In 2006, Philip E. Tetlock published a landmark book called “Expert Political Judgment.” While his findings obviously don’t apply to me, Tetlock demonstrated that pundits and experts are terrible at making predictions.
But Tetlock is also interested in how people can get better at making forecasts. His subsequent work helped prompt people at one of the government’s most creative agencies, the Intelligence Advanced Research Projects Agency, to hold a forecasting tournament to see if competition could spur better predictions.
In the fall of 2011, the agency asked a series of short-term questions about foreign affairs, such as whether certain countries will leave the euro, whether North Korea will re-enter arms talks, or whether Vladimir Putin and Dmitri Medvedev would switch jobs. They hired a consulting firm to run an experimental control group against which the competitors could be benchmarked.
Five teams entered the tournament, from places like M.I.T., Michigan and Maryland. Tetlock and his wife, the decision scientist Barbara Mellers, helped form a Penn/Berkeley team, which bested the competition and surpassed the benchmarks by 60 percent in Year 1.
How did they make such accurate predictions? In the first place, they identified better forecasters. It turns out you can give people tests that usefully measure how open-minded they are.
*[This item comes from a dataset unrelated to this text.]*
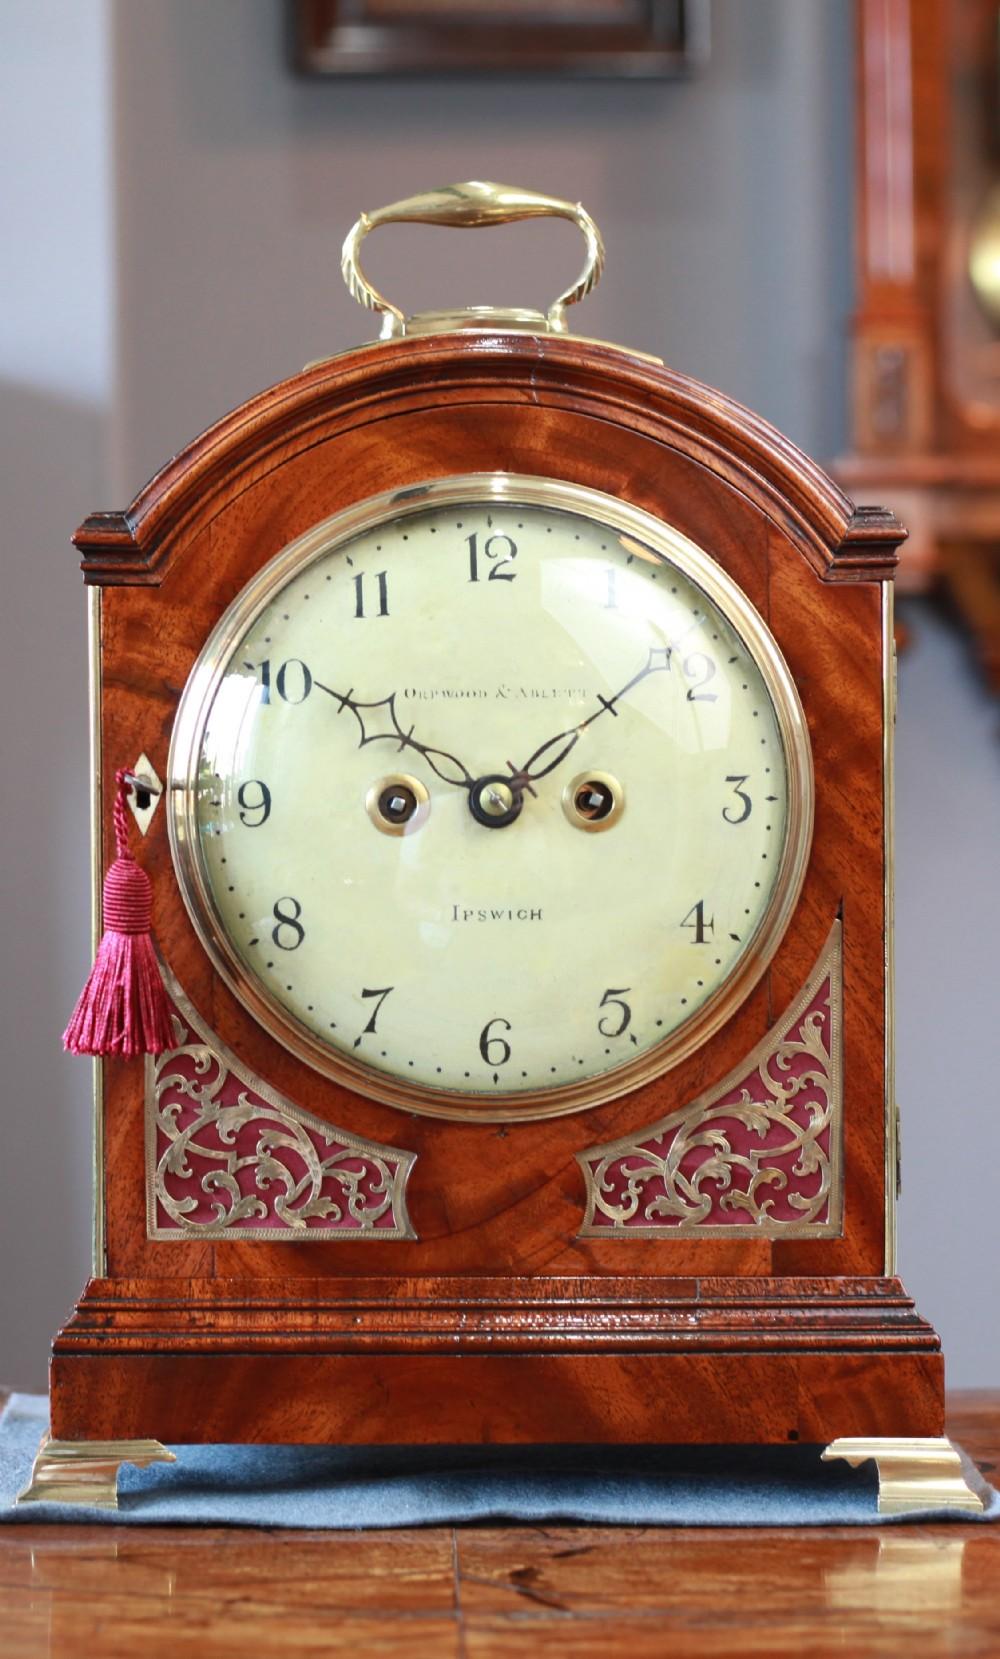 c1820 stunning regency mahogany striking pad top fusee bracket clock by orpwood and ablett of ipswich

For example, if you spent $1.10 on a baseball glove and a ball, and the glove cost $1 more than the ball, how much did the ball cost? Most people want to say that the glove cost $1 and the ball 10 cents. But some people doubt their original answer and realize the ball actually costs 5 cents.
Tetlock and company gathered 3,000 participants. Some got put into teams with training, some got put into teams without. Some worked alone. Some worked in prediction markets. Some did probabilistic thinking and some did more narrative thinking. The teams with training that engaged in probabilistic thinking performed best. The training involved learning some of the lessons included in Daniel Kahneman’s great work, “Thinking, Fast and Slow.” For example, they were taught to alternate between taking the inside view and the outside view.
Suppose you’re asked to predict whether the government of Egypt will fall. You can try to learn everything you can about Egypt. That’s the inside view. Or you can ask about the category. Of all Middle Eastern authoritarian governments, what percentage fall in a given year? That outside view is essential.
Most important, participants were taught to turn hunches into probabilities. Then they had online discussions with members of their team adjusting the probabilities, as often as every day. People in the discussions wanted to avoid the embarrassment of being proved wrong.
In these discussions, hedgehogs disappeared and foxes prospered. That is, having grand theories about, say, the nature of modern China was not useful. Being able to look at a narrow question from many vantage points and quickly readjust the probabilities was tremendously useful. The Penn/Berkeley team also came up with an algorithm to weigh the best performers. Let’s say the top three forecasters all believe that the chances that Italy will stay in the euro zone are 0.7 (with 1 being a certainty it will and 0 being a certainty it won’t). If those three forecasters arrive at their judgments using different information and analysis, then the algorithm synthesizes their combined judgment into a 0.9. It makes the collective judgment more extreme.
This algorithm has been extremely good at predicting results. Tetlock has tried to use his own intuition to beat the algorithm but hasn’t succeeded.
In the second year of the tournament, Tetlock and collaborators skimmed off the top 2 percent of forecasters across experimental conditions, identifying 60 top performers and randomly assigning them into five teams of 12 each. These “super forecasters” also delivered a far-above-average performance in Year 2. Apparently, forecasting skill cannot only be taught, it can be replicated.
Tetlock is now recruiting for Year 3. (You can match wits against the world by visiting www.goodjudgmentproject.com.) He believes that this kind of process may help depolarize politics. If you take Republicans and Democrats and ask them to make a series of narrow predictions, they’ll have to put aside their grand notions and think clearly about the imminently falsifiable.
If I were President Obama or John Kerry, I’d want the Penn/Berkeley predictions on my desk. The intelligence communities may hate it. High-status old vets have nothing to gain and much to lose by having their analysis measured against a bunch of outsiders. But this sort of work could probably help policy makers better anticipate what’s around the corner. It might induce them to think more probabilistically. It might make them better foxes.